Segment Start: EXTRACTED RECORDS

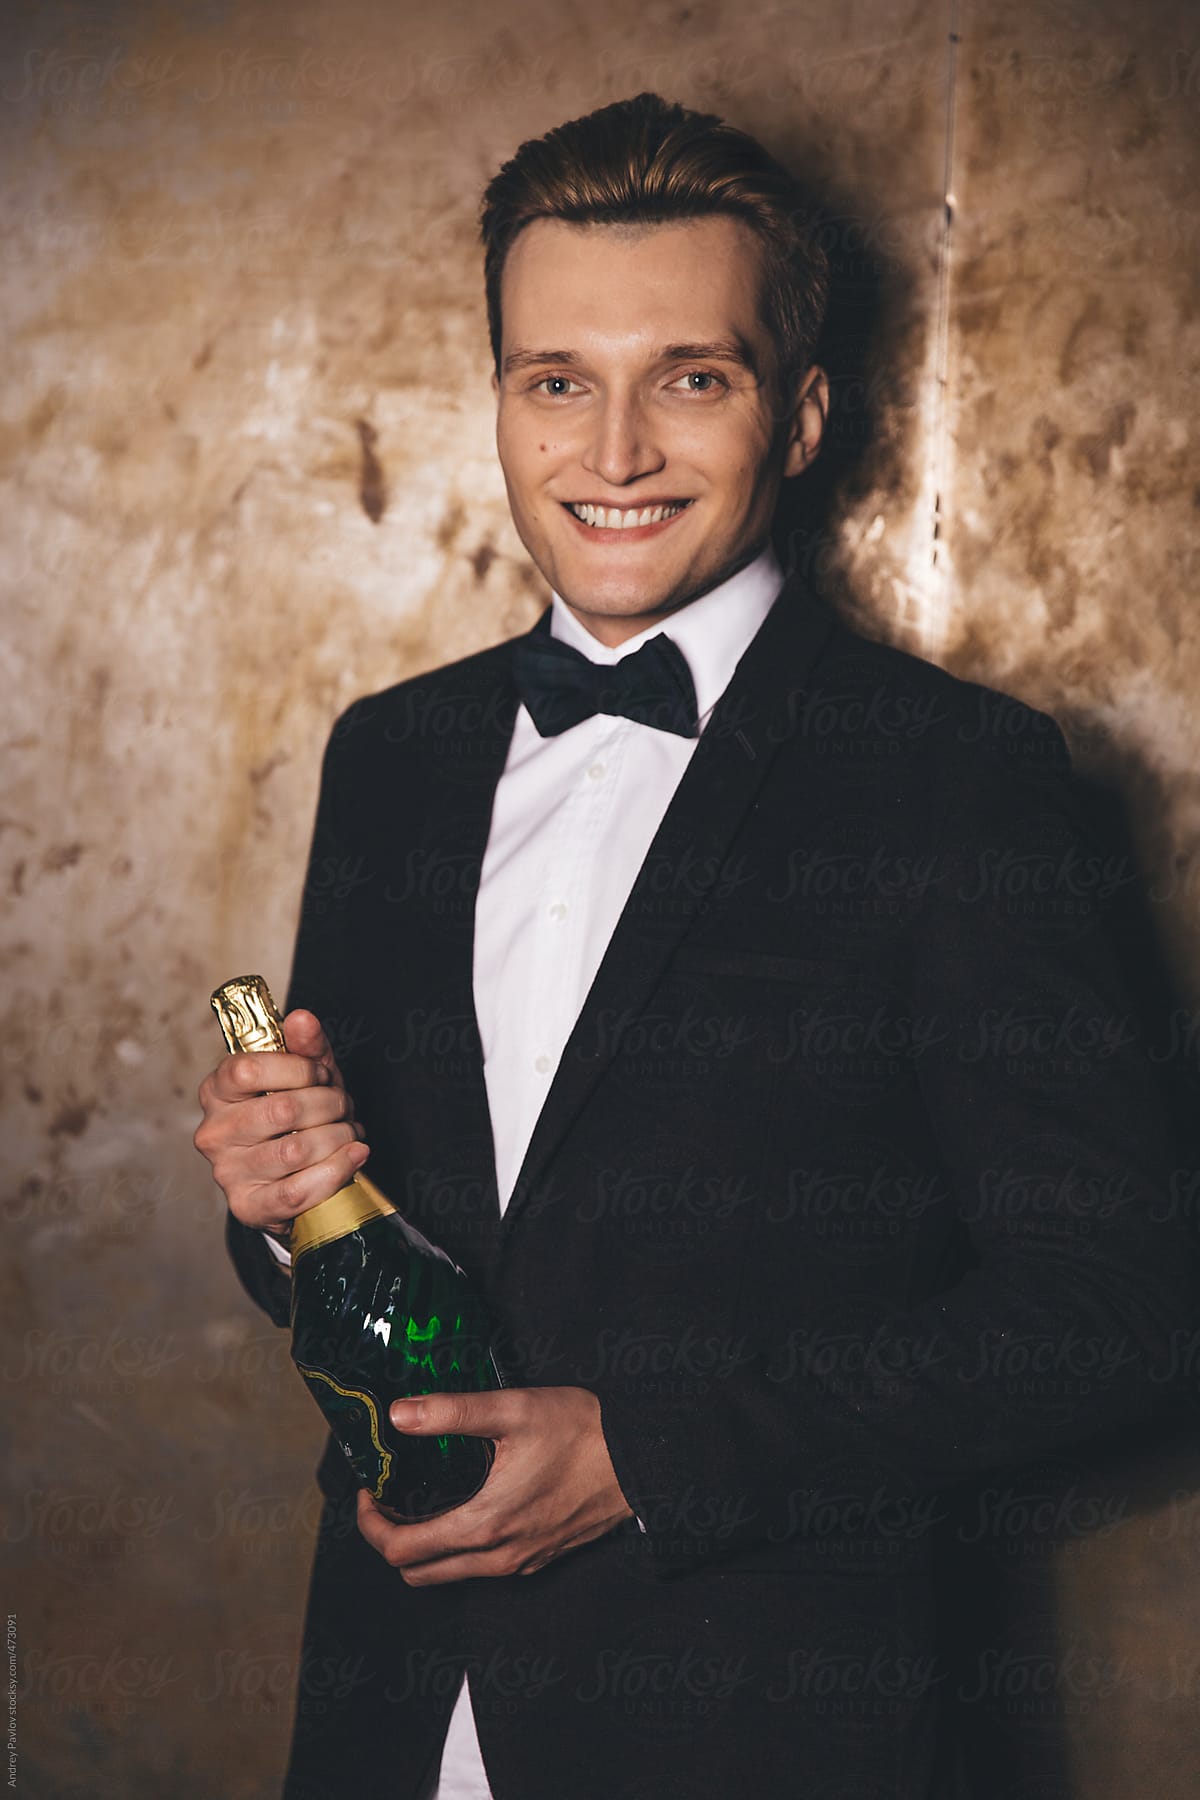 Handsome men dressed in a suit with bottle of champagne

Segment End: EXTRACTED RECORDS
Segment Start: EXTRACTED RECORDS

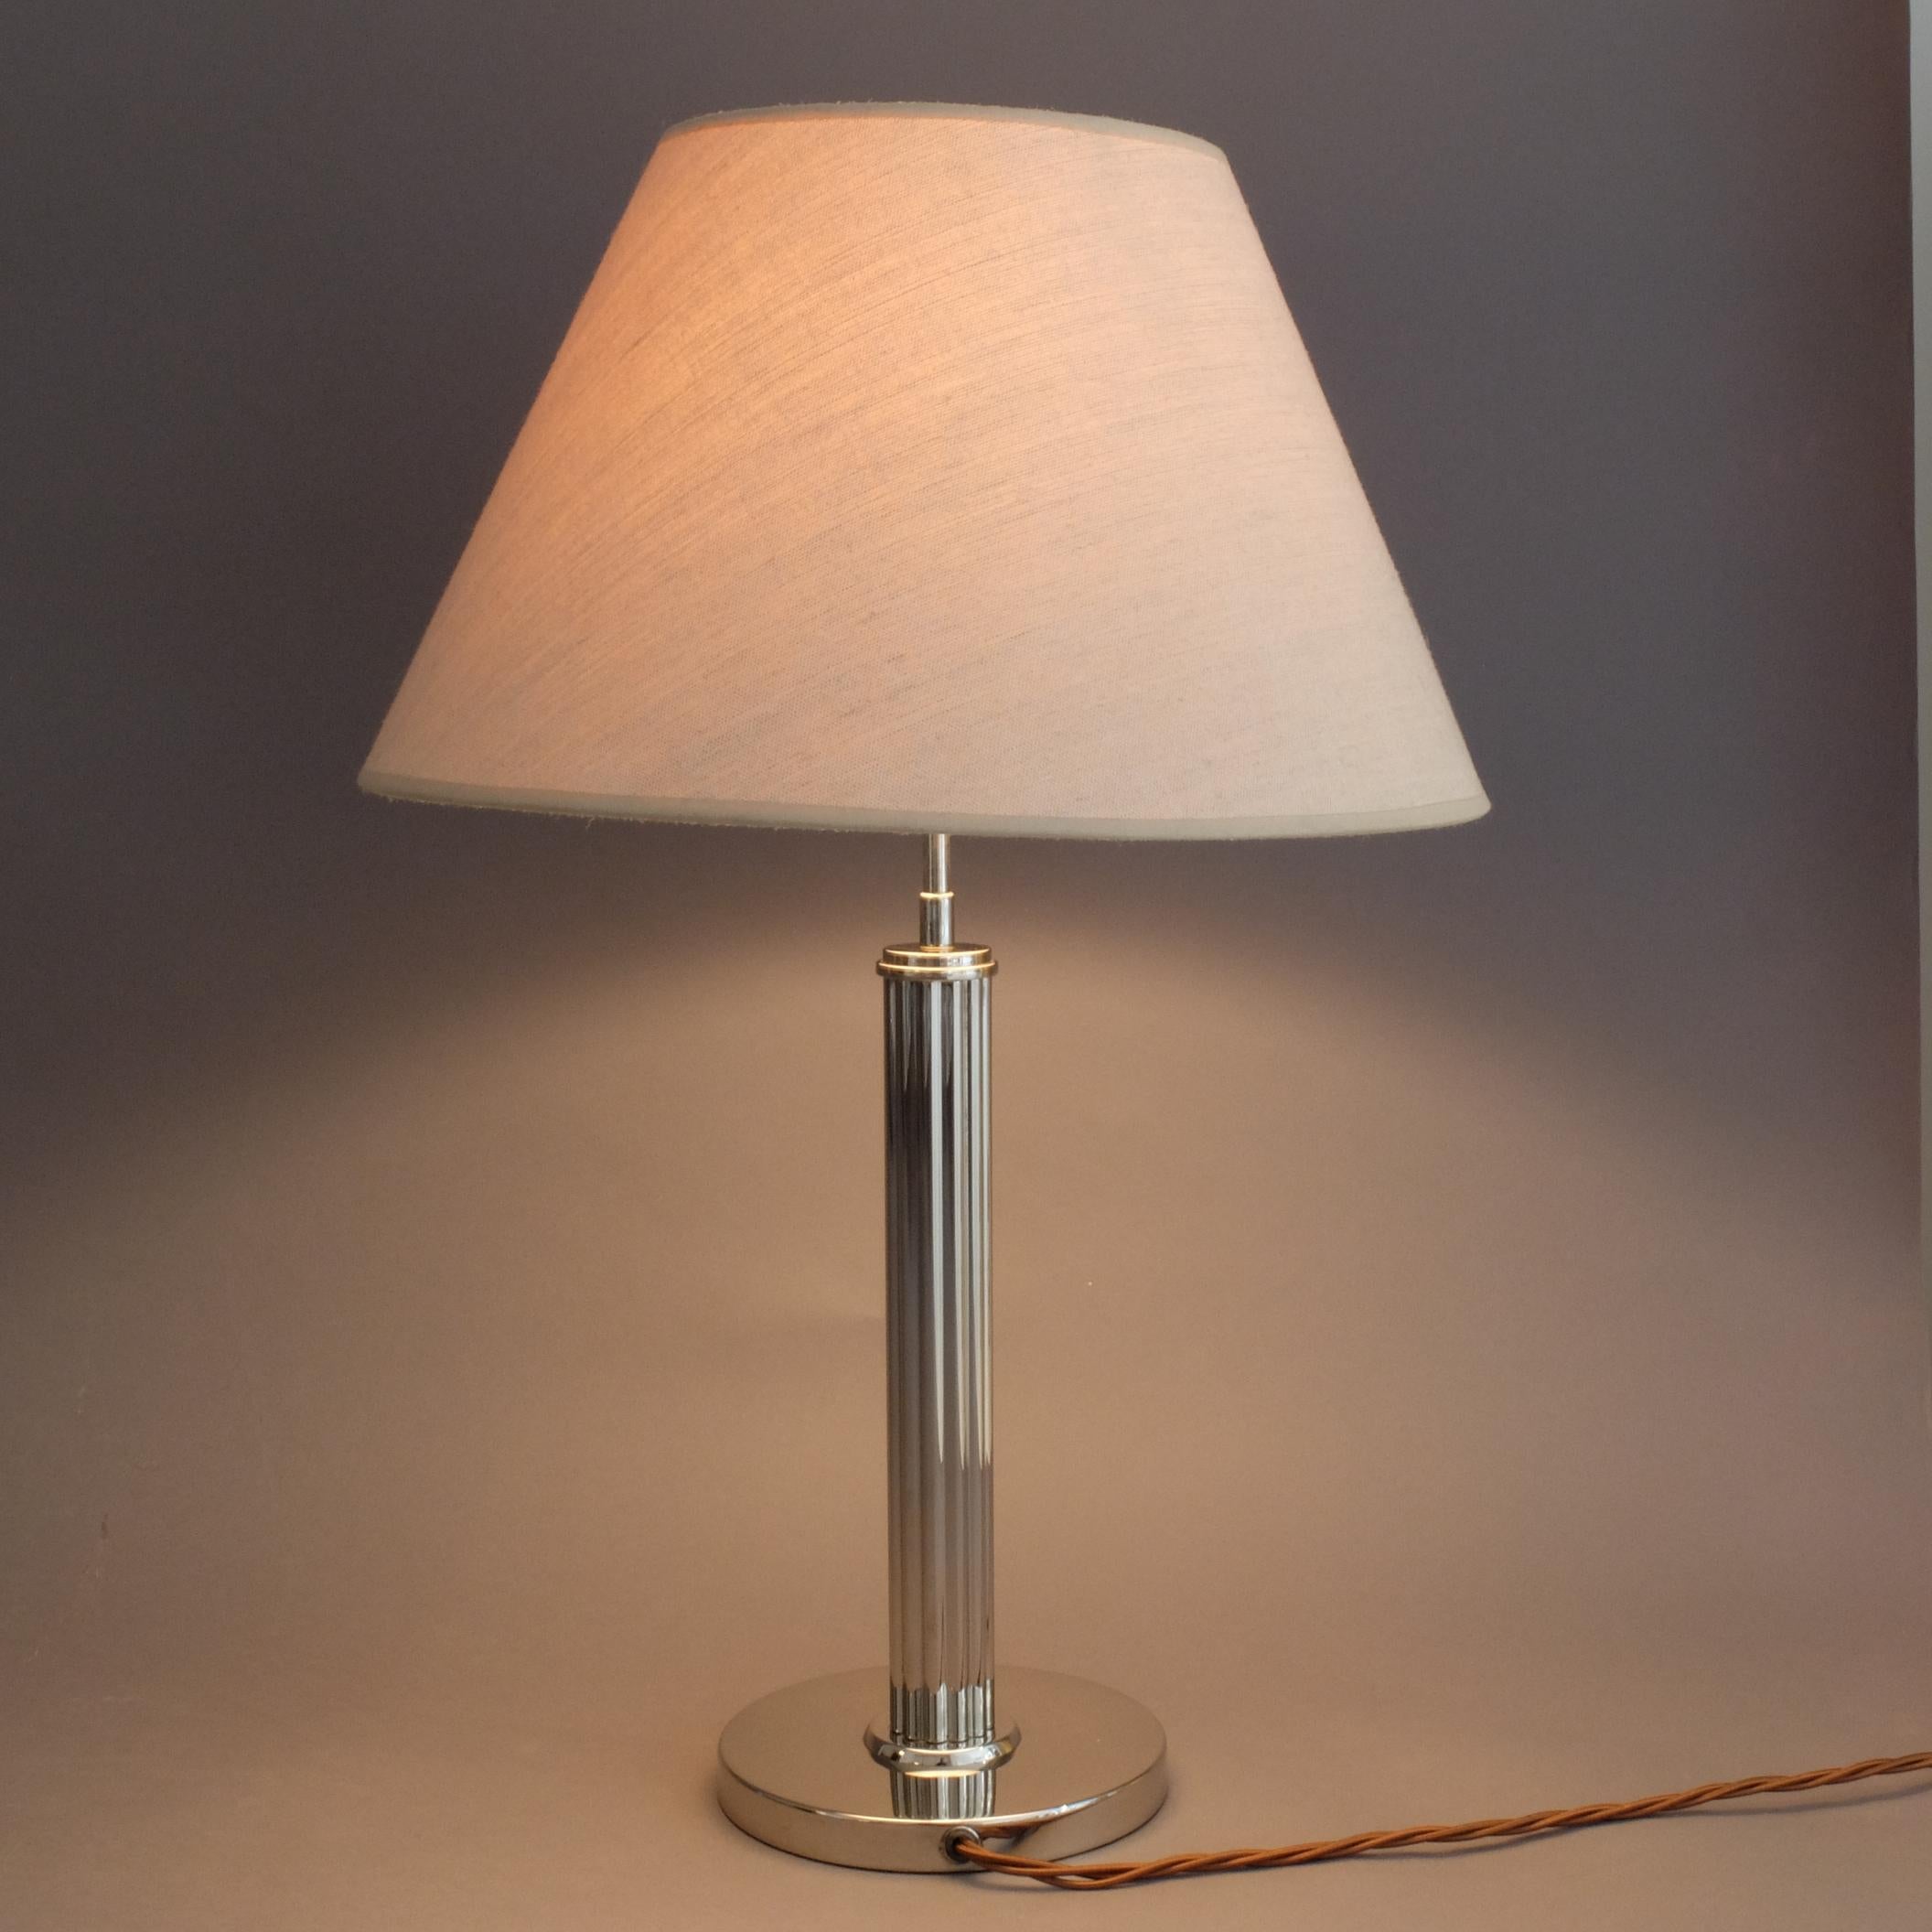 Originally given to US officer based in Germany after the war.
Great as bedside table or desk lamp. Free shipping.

Segment End: EXTRACTED RECORDS
Segment Start: EXTRACTED RECORDS

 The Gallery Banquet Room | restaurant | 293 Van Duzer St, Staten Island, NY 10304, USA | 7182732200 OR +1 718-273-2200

Segment End: EXTRACTED RECORDS

** WORK ITEM **
What to print is the stretch of entries from the line with "Originally given to" up to and including the line with "Great as bedside". Please print it exactly and leave out the pictures.

** TASK RESPONSE **
 Originally given to US officer based in Germany after the war.
Great as bedside table or desk lamp. Free shipping.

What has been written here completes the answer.